# My 1968 F100, 240 6cyl, 3 on the tree.



## Analyst Man (Dec 17, 2014)




----------



## Halligan (Dec 17, 2014)

Nice truck.


----------



## Analyst Man (Dec 17, 2014)

Halligan said:


> Nice truck.


Thank you sir!


----------



## mesupra (Dec 17, 2014)

Nice old bump side you have there, I have a later dent side f150


----------



## babybart (Dec 17, 2014)

Blue Oval Love!


----------



## Redbird (Dec 18, 2014)

Good looking truck! You can keep those trucks running with a pair of pliers and a screwdriver, unlike those of today. New one likely won't last half as long either


----------



## Ymountainman (Dec 19, 2014)

Them old Fords are my favorites!


----------



## Analyst Man (Dec 19, 2014)

Redbird said:


> Good looking truck! You can keep those trucks running with a pair of pliers and a screwdriver, unlike those of today. New one likely won't last half as long either


You are so right. Just this this fall I drove about 20 miles to pick up some wine grapes (we make wine every year) and when I tried to back the truck up I couldn't get into any gear. The shift lever just flopped around in my hand. Popped the hood and found the linkage disconnected. Washer and cotter pin no where to be found. Looked around for 5 minutes and found a piece of wire that I was able to wrap around the end of the linkage and that got me home!


----------



## sunfish (Dec 21, 2014)

Very Nice! I've been wanting an old Ford for awhile now. Guess I need to start lookin...


----------



## Analyst Man (Dec 21, 2014)

sunfish said:


> Very Nice! I've been wanting an old Ford for awhile now. Guess I need to start lookin...

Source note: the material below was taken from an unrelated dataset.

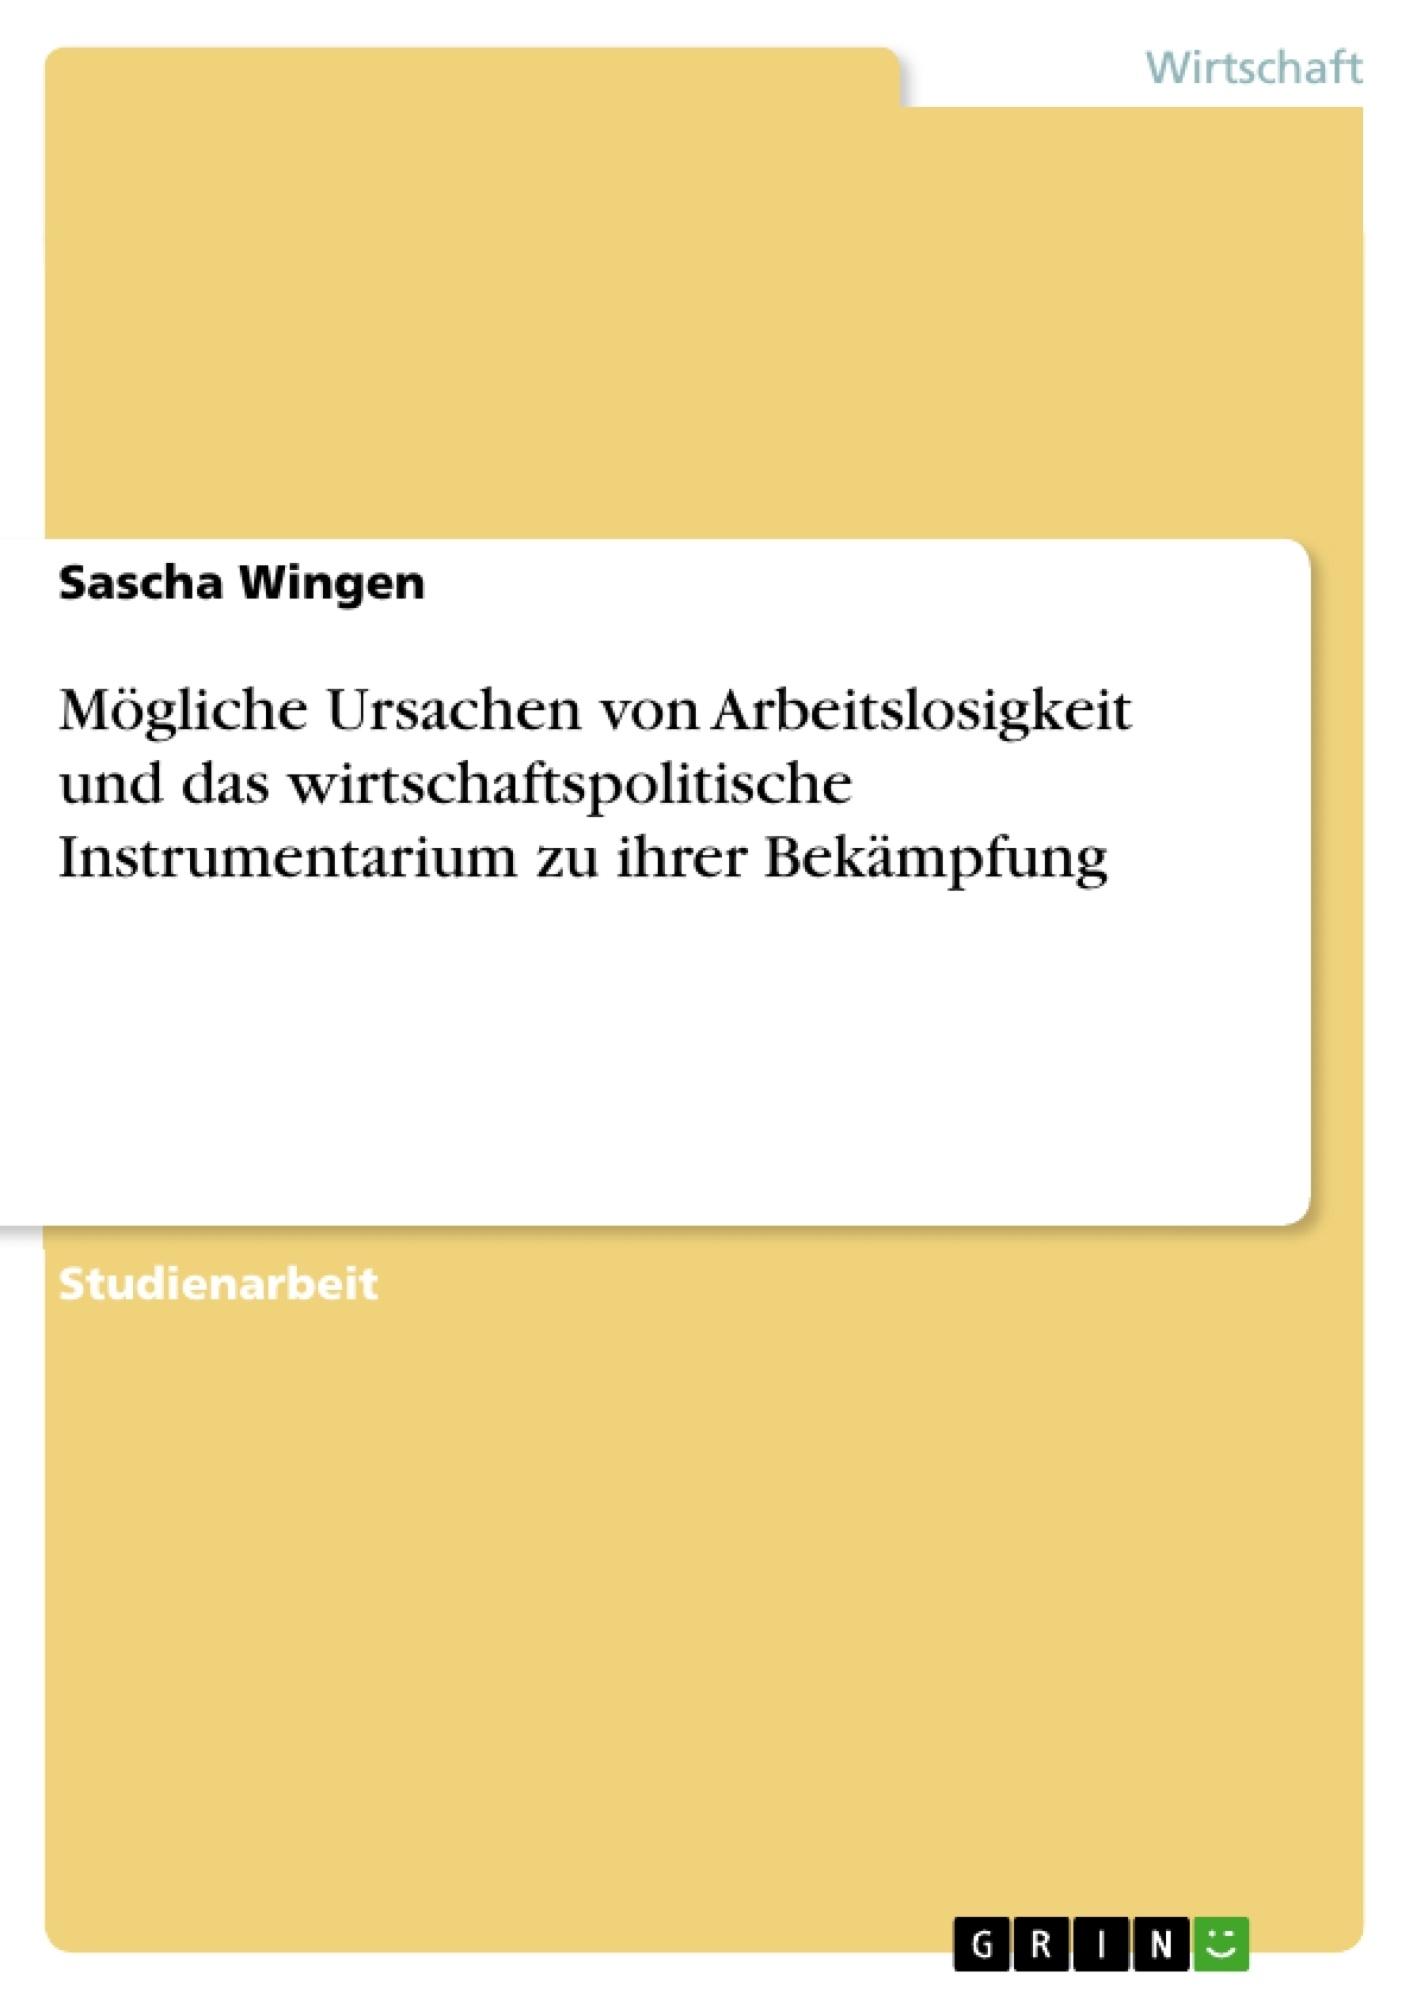 Titel: Mögliche Ursachen von Arbeitslosigkeit und das wirtschaftspolitische Instrumentarium zu ihrer Bekämpfung

Take your time, it took me several years but I finally found this one for $3500, with 78k original miles and everything works. Interior and bed look just as good as the exterior. It has been repainted but they did a nice job and it's all metal, no bondo anywhere. Came from NC.


----------



## Analyst Man (Dec 25, 2014)




----------



## Analyst Man (Dec 25, 2014)

Not sure why or how those came out as duplicates, as I said I'm not good with pictures.


----------



## 1Alpha1 (Jan 5, 2015)

My father used to have a 1968 Ford F-250 Crew Cab w/short bed. He bought it used and back then, it was a rare sight to see a 4-door pick-up.


----------